Once COMAW and company arrived, Woodward's role changed dramatically. At last, he had a clear aim, which was (however much he disliked it) to support the amphibians by providing combat air patrols and strikes and looking after the transport holding area out at sea. He discharged this well, taking the (mildly controversial) decision to keep the carriers well to the east. Again, the lack of clear strategic analysis had nearly led him to take an appalling risk, but the return of clarity led him back to a sensible and conservative policy.

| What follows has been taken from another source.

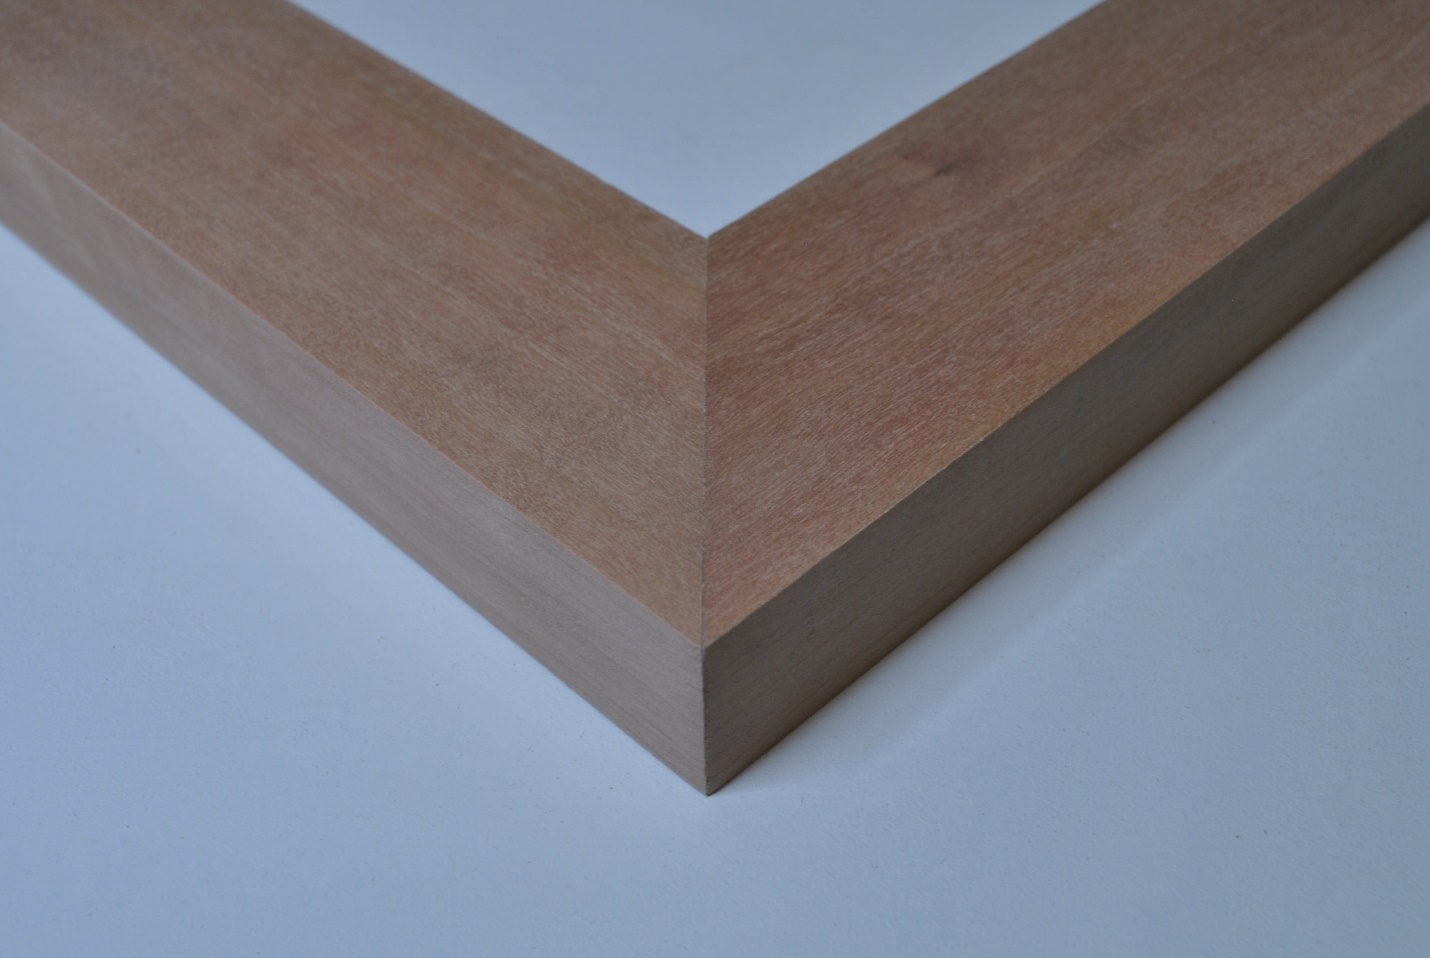 Miter Joint square shape symmetry

This afflicted a string of important people, kicking off with Lewin in MOD Main Building and moving south. Woodward doesn't seem ever to have grasped the problem, complaining that the amphibious group had offloaded nearly one ton of stores per man and that must surely be enough. In fact, 3 Commando Brigade had 4,500 tons of stuff in their War Maintenance Reserve, roughly a ton per man, but this doesn't include their first- and second-line loadout, weapons, or vehicles. The order from London on the 26th to "move out" was based on the assumption that everyone was being terribly slow, but the NATO Northern Flank plans had assumed eight days for a smaller force to land through an operational port with host-nation air cover.

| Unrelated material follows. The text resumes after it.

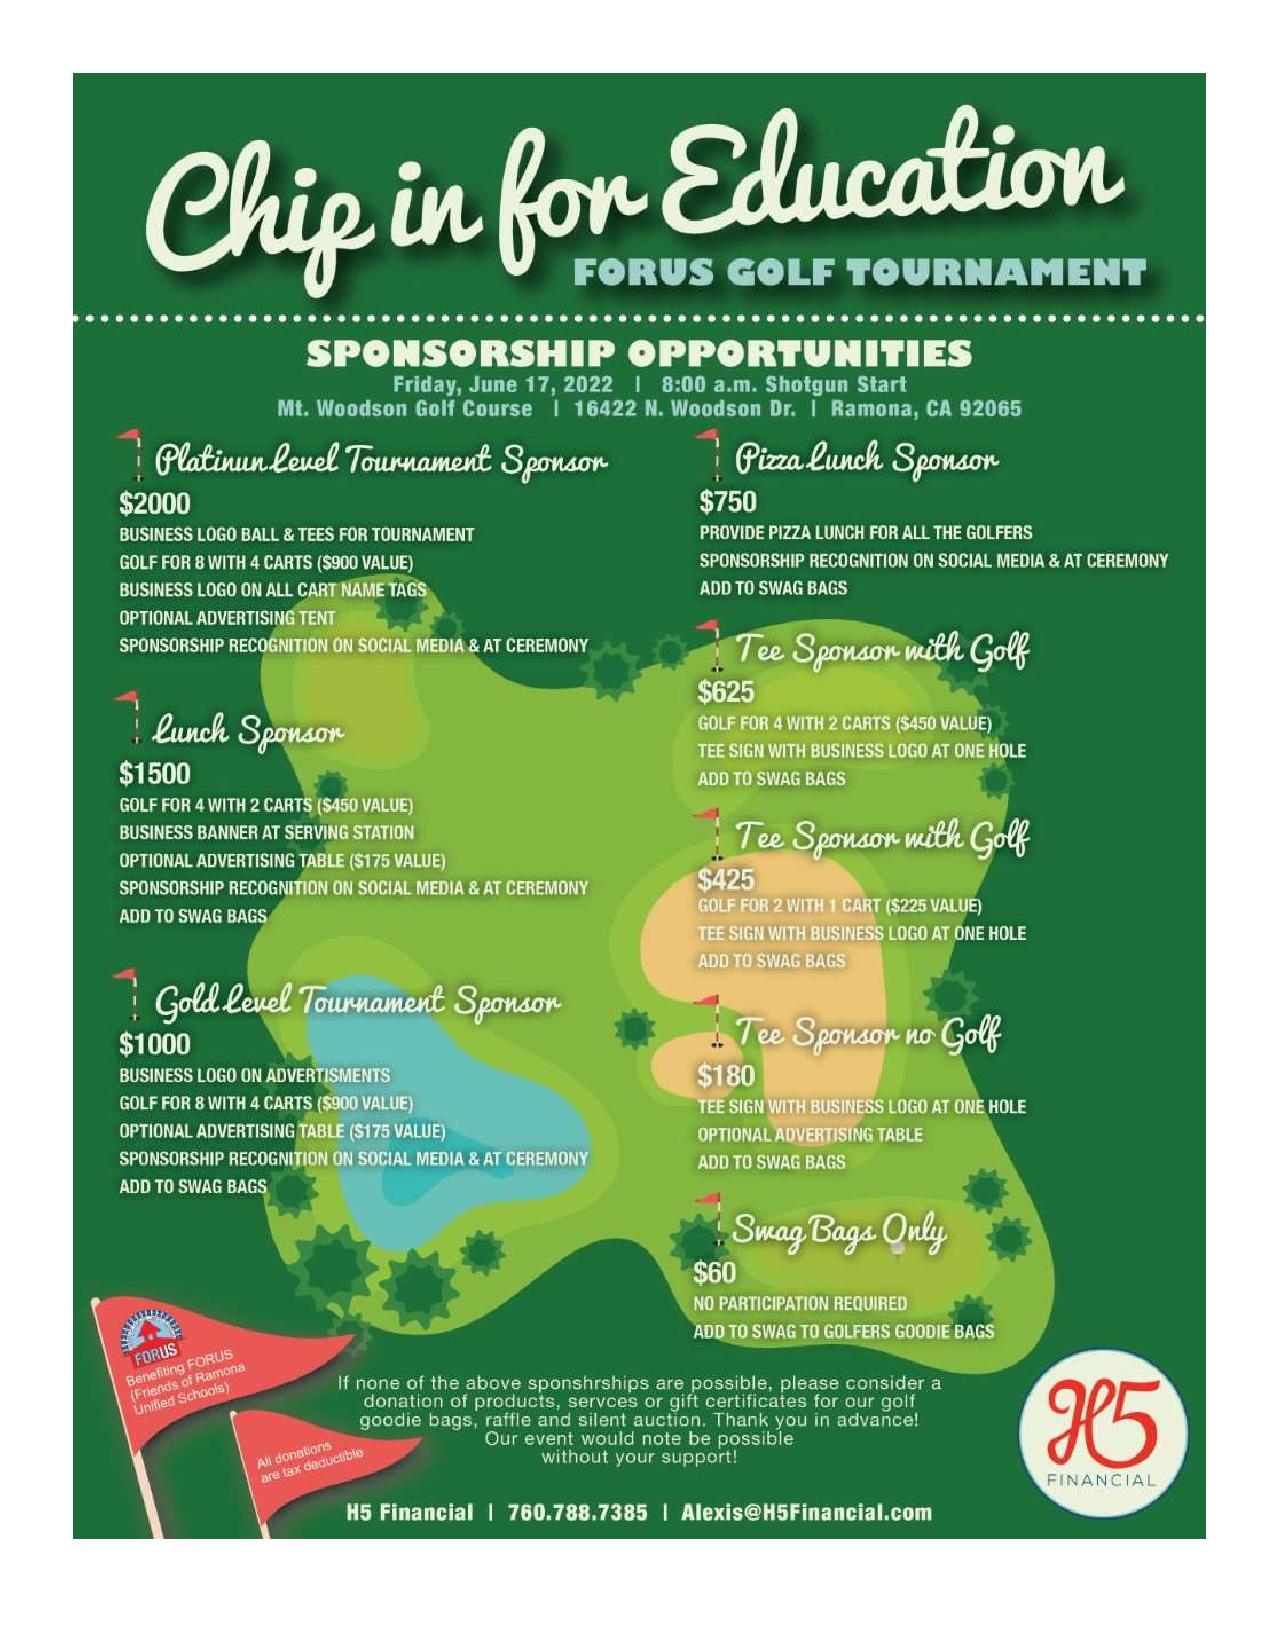 FORUS Chip in for Education Golf Tournament Mt Woodson Golf

In fact, the landing craft and choppers managed to unload ammunition from the P&O Ferrymasters truck ferry M/V Elk at a rate of 80 tons an hour, which would be good going for breakbulk dry cargo handling in a real port. Similarly, Brigadier Tony Wilson of 5 Brigade and Major-General Jeremy Moore of division HQ spent their trip south on the QE2 planning in splendid isolation from either Sandy Woodward or Michael Clapp, whose ships and aircraft they were, or Julian Thompson, whose logistics regiment it was (among many other things, 5 didn't have its own logistics support and consumed 3 Bde resources). Wilson believed Moore had promised him all available helicopters to get his brigade forward, although Moore had no helicopters to promise and there was no way such a thing could happen in the light of the offload, artillery, and medical requirements.
With his logistics outsourced to the Navy, Wilson was unfortunately free to start his own war by pushing men forward from the Goose Green area to Bluff Cove in his liaison helicopter, thus creating an advance along the south coast that the Navy and Marine planners had ruled out as logistically difficult to support, needless, and risky. The confusion about strategic aims that had started at the top led to the tactical and operational mistakes that led to the disaster at Bluff Cove.